C’è un altro aspetto, forse ancora più importante: non abbiamo scelto le persone con cui conviviamo in quel posto così tante ore ogni giorno, e spesso non sono nemmeno di nostro gradimento. Colleghi, superiori, anche sottoposti sono stati assunti in precedenza rispetto alla nostra stessa assunzione e comunque non da noi stessi (le aziende stesse spesso, nella maggior parte dei casi, non si ritrovano a “scegliere” realmente il proprio personale, nel senso che debbono “accontentarsi” di “scegliere” tra i candidati disponibili).

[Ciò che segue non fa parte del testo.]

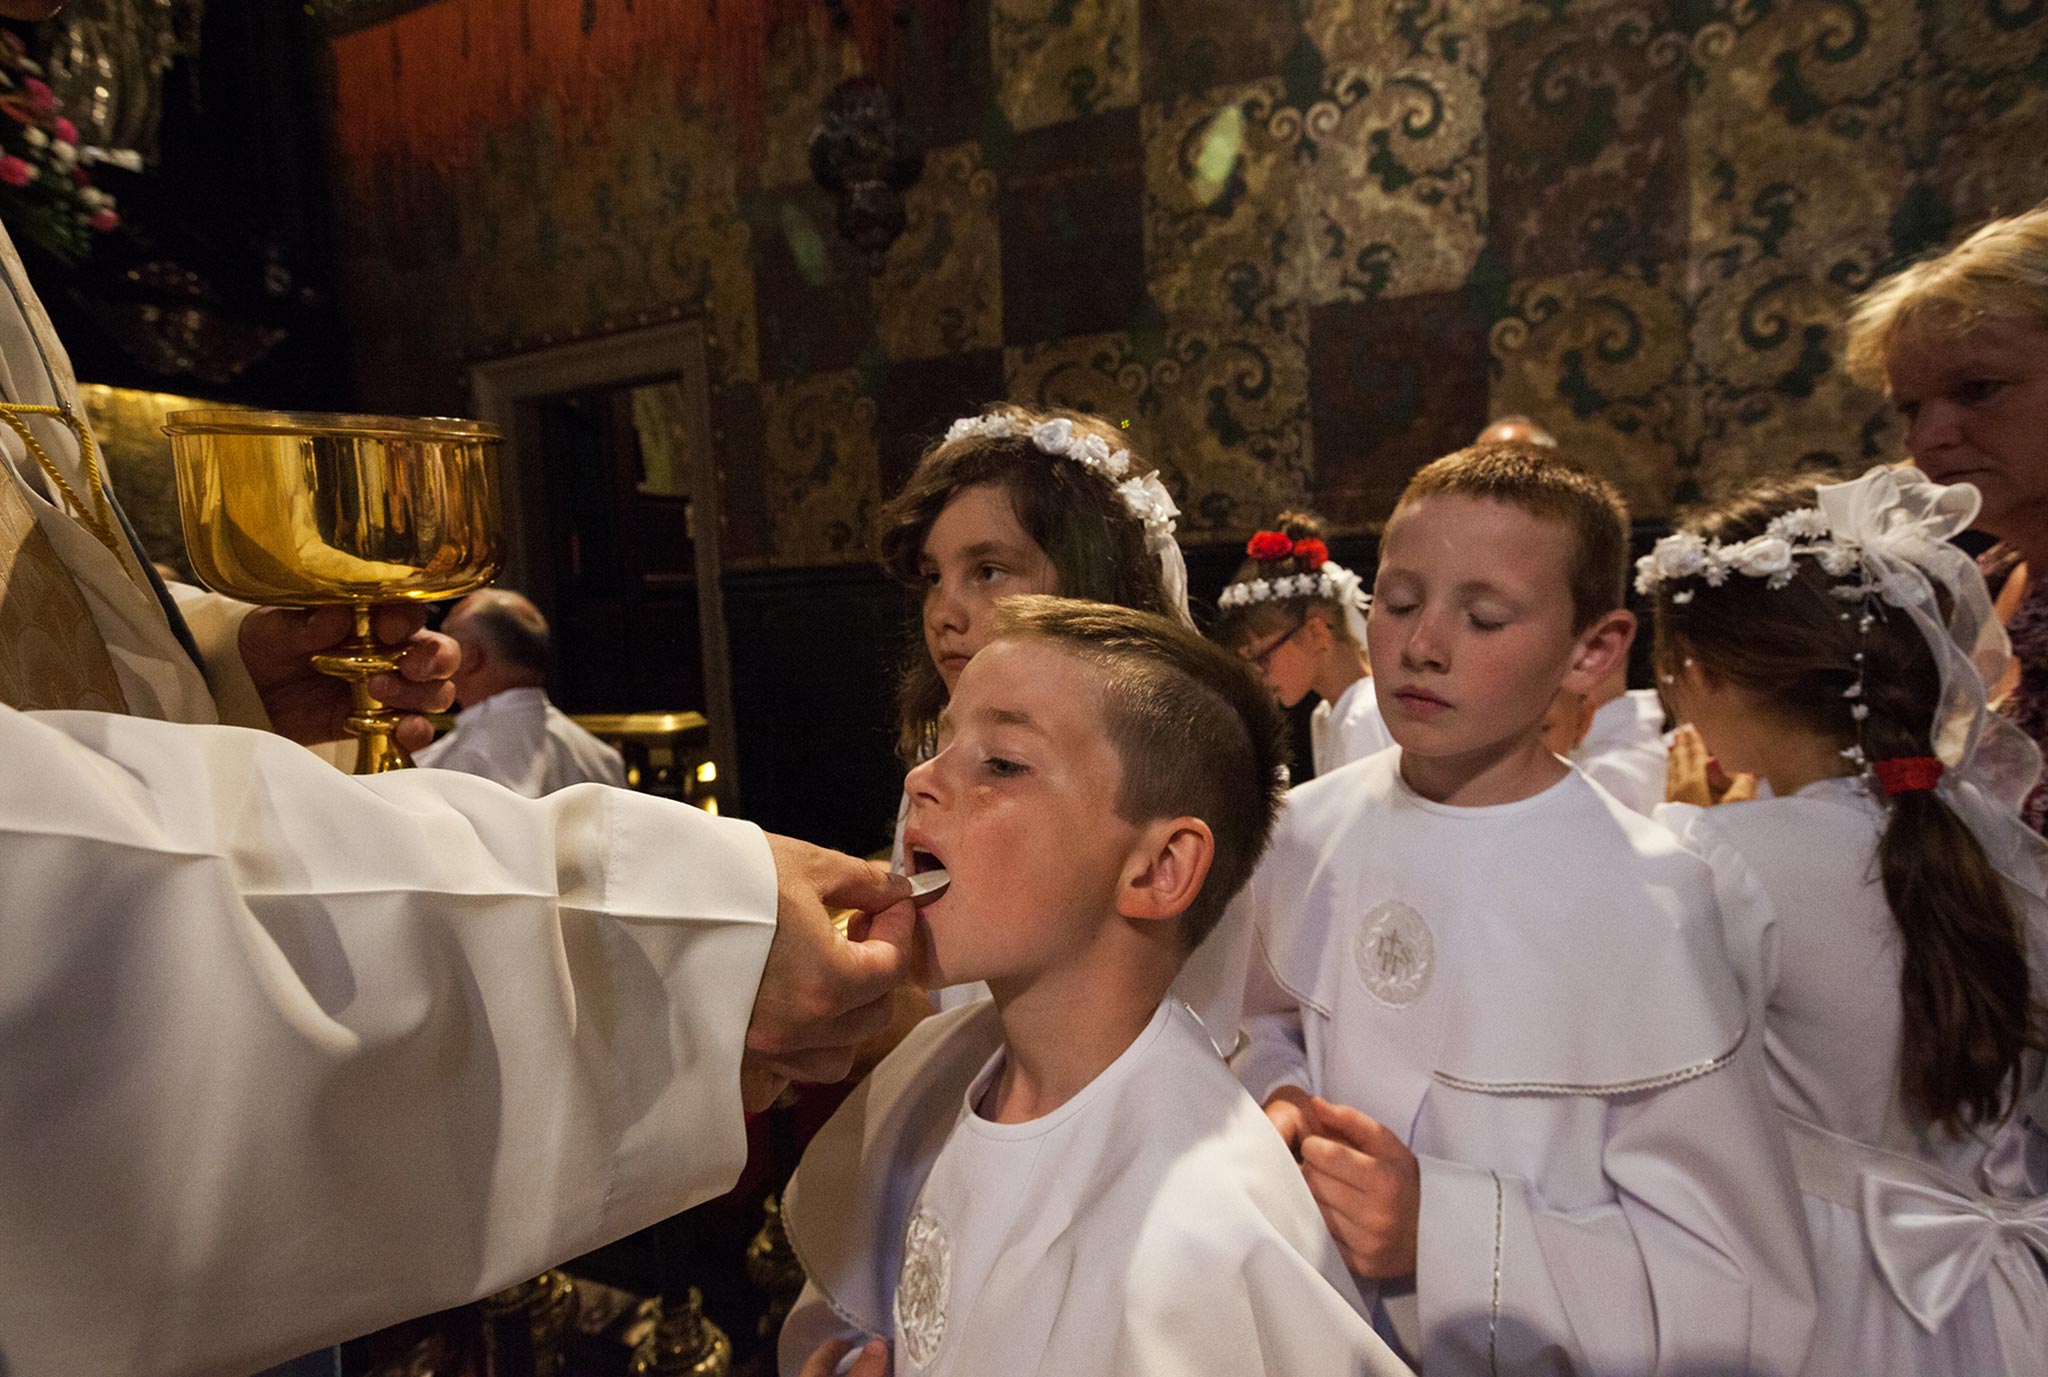 A boy receives Communion at the Jasna Góra Monastery, in Częstochowa, Poland. The Black Madonna—a revered painting of a dark-skinned Virgin Mary and Child Jesus, said to be the work of St. Luke—is housed in this sanctuary.

In sostanza, ci troviamo, per tante ore ogni giorno in un luogo, forzatamente, per la nostra sopravvivenza economica, per stare poi con persone non scelte da noi. Tale circostanza, per sua natura, si presenta come la radice di un altissimo potenziale conflittuale. È intuitivo pensare quanto sia facile che una piccola scintilla, un piccolo diverbio o un confronto tra due opinioni contrapposte esondino in un conflitto consistente, visto il contesto tensivo nel quale nascono. La frustrazione di “dover” lavorare, l’insoddisfazione che ci deriva dal trovarci con persone sul posto di lavoro non di nostro gradimento, crea una polveriera pronta ad esplodere da un momento all’altro, per un nonnulla. Basta veramente poco a far scoppiare il finimondo.

Si tratta di una condizione “originaria” paragonabile a quella dalla quale è scaturita la prima guerra mondiale, in cui tutte le potenze europee avevano mire imperialistiche e tutte erano insoddisfatte perché ambivano a territori o poteri che assumevano essere di loro appartenenza per diritto. In questa polveriera di nazionalismi, è possibile individuare una scintilla (l’attentato all’erede al trono asburgico dell’Austria-Ungheria) che ha scatenato la grande guerra che nessuno ha voluto ma che nessuno ha nemmeno cercato di evitare. La stessa identica cosa spesso accade sul posto di lavoro. Il conflitto esplode dove imperversa l’insoddisfazione e nessuno fa niente per evitarlo. Ne consegue un cattivo clima aziendale, inefficienza, rapporti avvelenati e soprattutto una dinamica relazionale improntata allo scontro, e non alla collaborazione o alla sinergia.